Alcohol problems should be redefined as "maladaptive lifestyle habits," argued behavioral psychologist Alan Marlatt of the University of Washington. An outspoken critic of the "disease concept," Marlatt insisted that excessive drinking is a behavior that people do, not a symptom of what they are, and that alcoholics and problem drinkers can be taught how to modify their maladaptive habits through stress management, lifestyle changes, and basic learning principles.
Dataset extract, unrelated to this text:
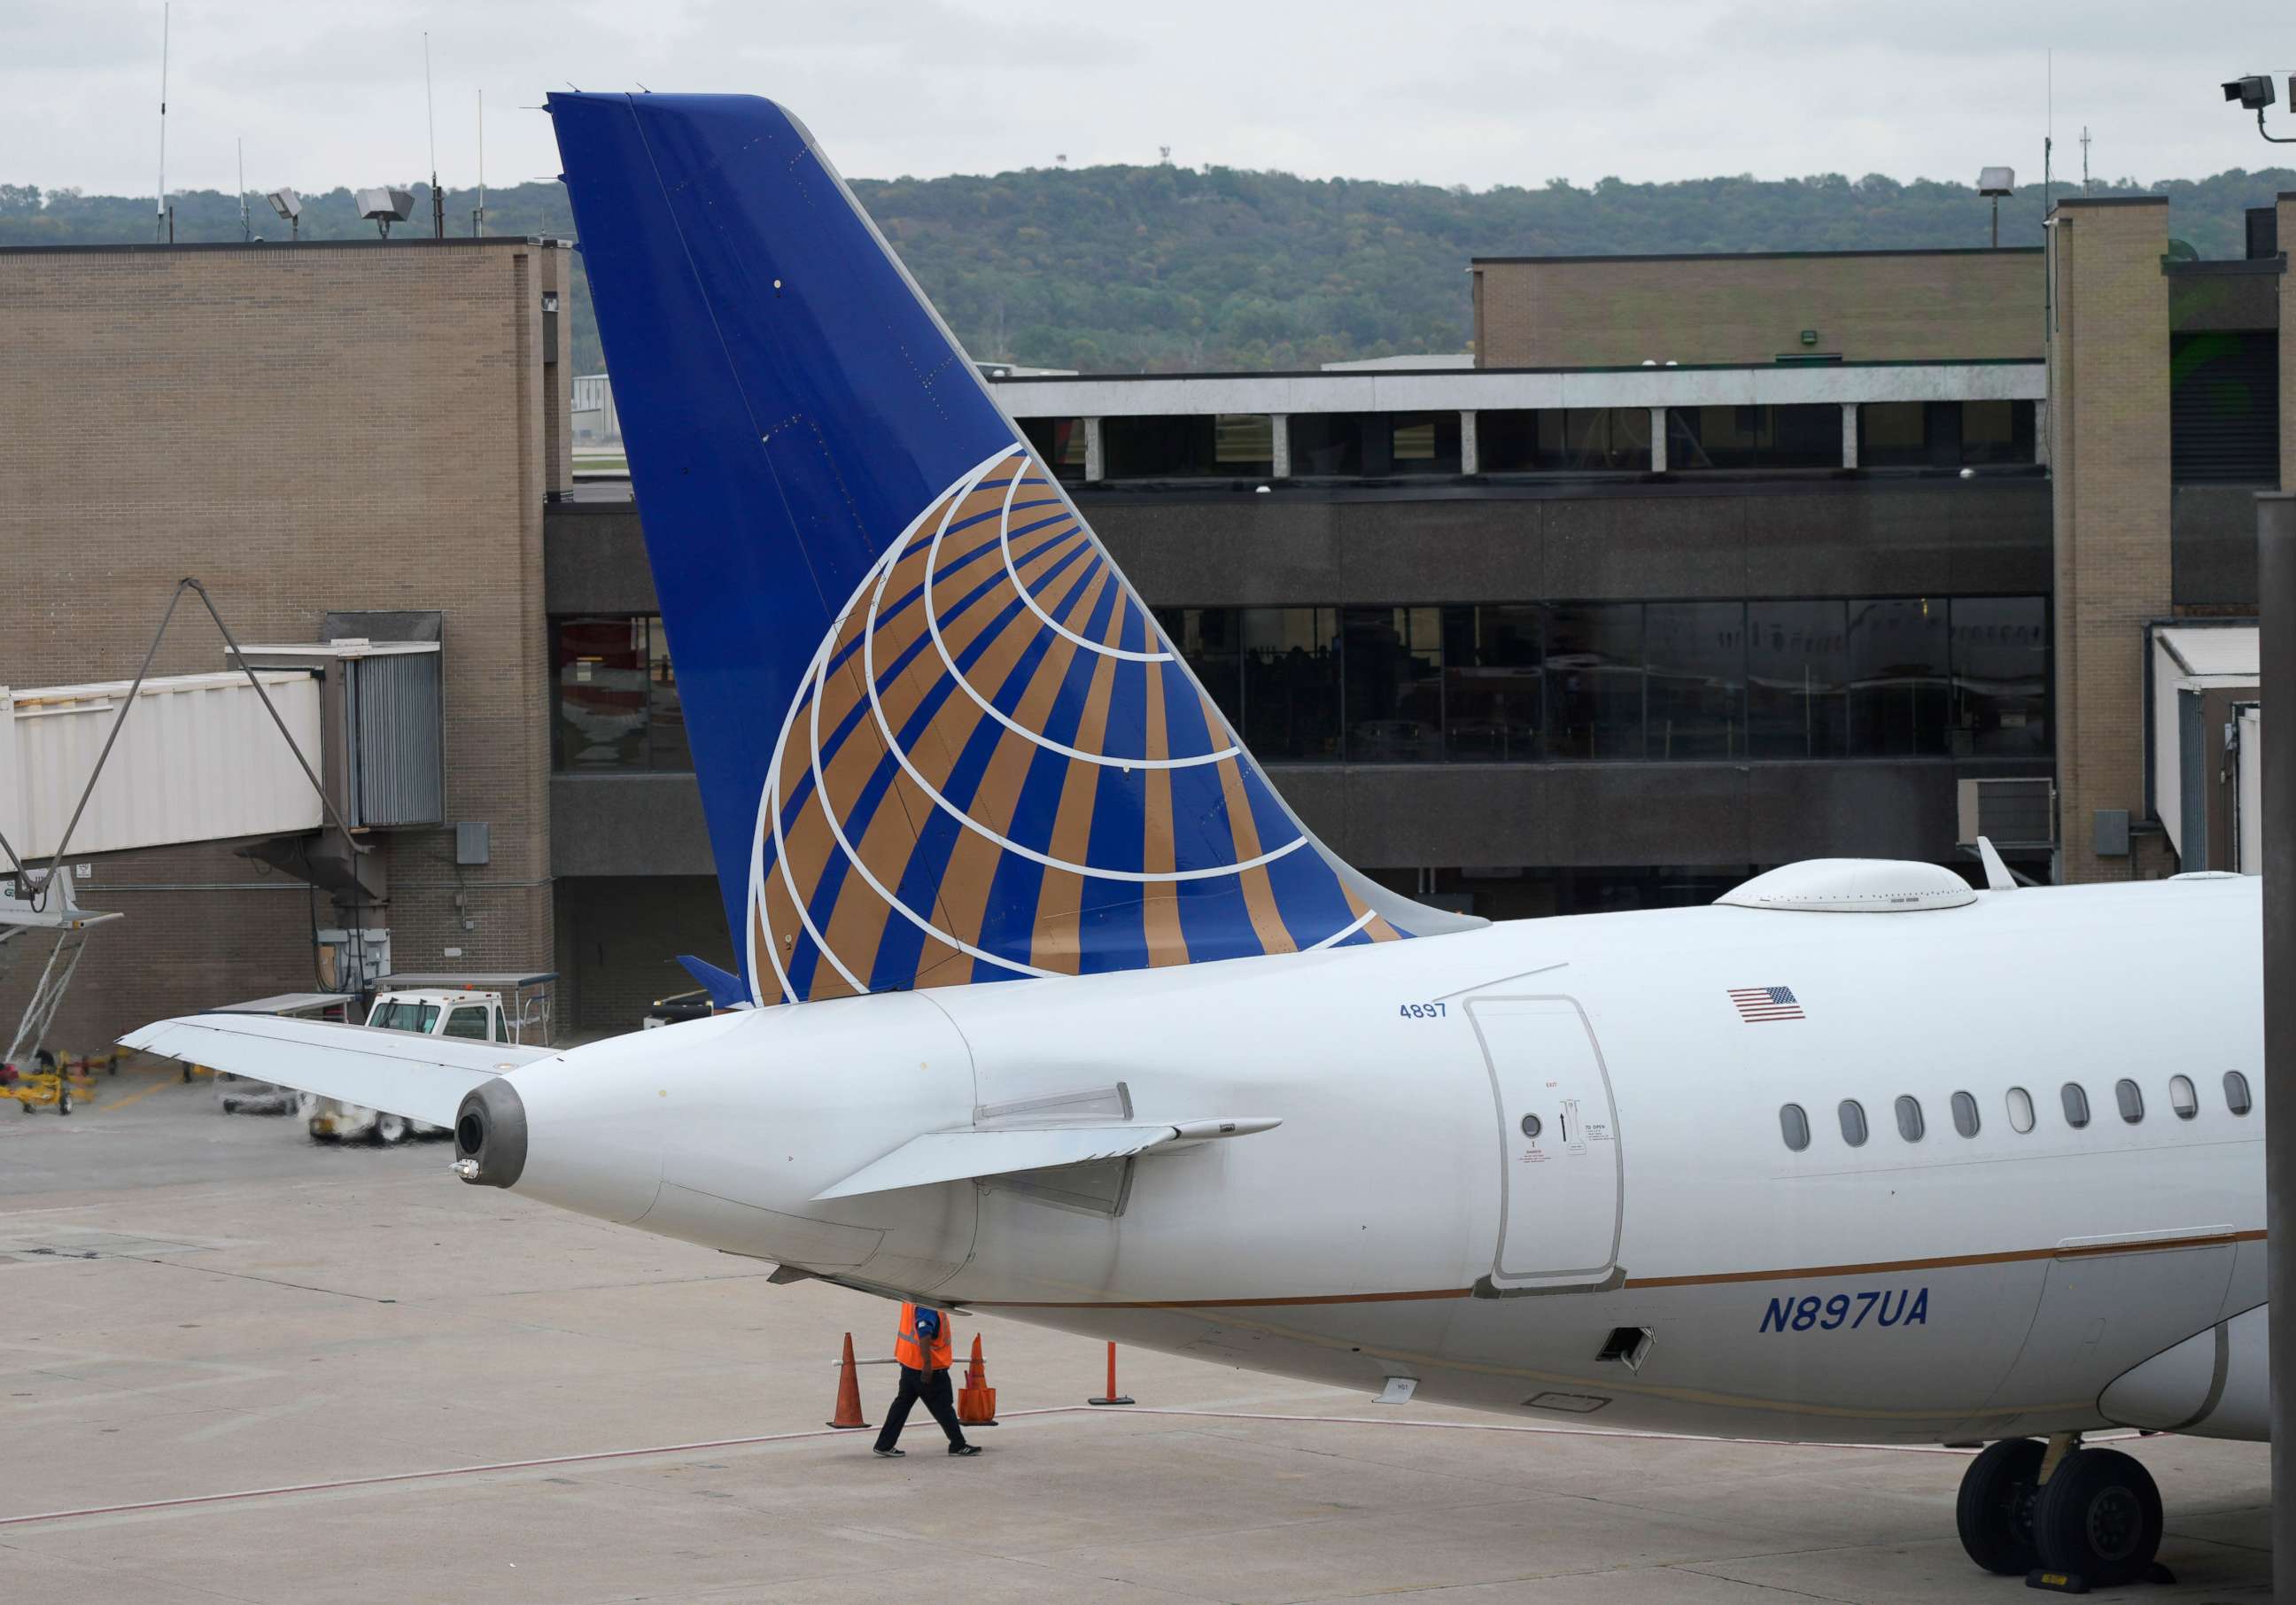 PHOTO: Company logo adorns the tail of a United Airlines jetliner being prepared for departure at Eppley Airfield, Oct. 6, 2021, in Omaha, Neb.

For those who want to reduce their drinking and avoid the health problems associated with excessive use of alcohol, Marlatt and other behavioral psychologists argued that moderation is the key.
In Heavy Drinking: The Myth of Alcoholism as a Disease Herbert Fingarette, a professor at the University of California and a consultant on alcoholism and addiction to the World Health Organization, dismissed fifty years of research on the neurological and biochemical nature of alcoholism with this statement: "No leading research authorities accept the classic disease concept." In The Diseasing of America: Addiction Treatment Out of Control psychologist Stanton Peele argued that disease definitions actually "undermine the individual's obligations to control behavior and to answer for misconduct."
Popular writers quickly latched on to the behaviorist trend. Audrey Kishline, a moderate drinker who believes she was mistakenly diagnosed as an alcoholic, observed in Moderate Drinking, "The act of lifting a drink to your lips too often is not a 'disease.' Drinking too much is a behavior, something that a problem drinker does, not something that he or she has."
As concepts such as "moderation," "responsible drinking," and "maladaptive habits" caught the public's imagination, society as a whole became less tolerant of alcoholics and their "misbehaviors." Changing attitudes toward alcoholics were reflected clearly in the increasingly popular use of the word abuse.* Beginning in the 1980s, government agencies charged with overseeing alcohol education and treatment programs abandoned the word alcoholism in favor of the term alcohol abuse and, more recently, substance abuse. In recent years the word alcoholism seems to have disappeared from official language while the term substance abuse has become as familiar as Budweiser's trio of frogs.
As alcoholism gradually became linked in the public mind with alcohol "abuse," efforts to teach "irresponsible" and "abusive" drinkers how to moderate their drinking grew in popularity. Critics of the disease concept argued vehemently that controlled-drinking therapy--tellingly translated as "behavioral self-control"--should be considered a valid alternative to lifelong abstinence. In the 1990s "harm reduction" programs such as DrinkWise, S.M.A.R.T., and Moderation Management expanded to the point where a 1997 U.S. News and World Report article predicted that controlled-drinking programs would someday "be as commonplace as Weight Watchers and Smokenders."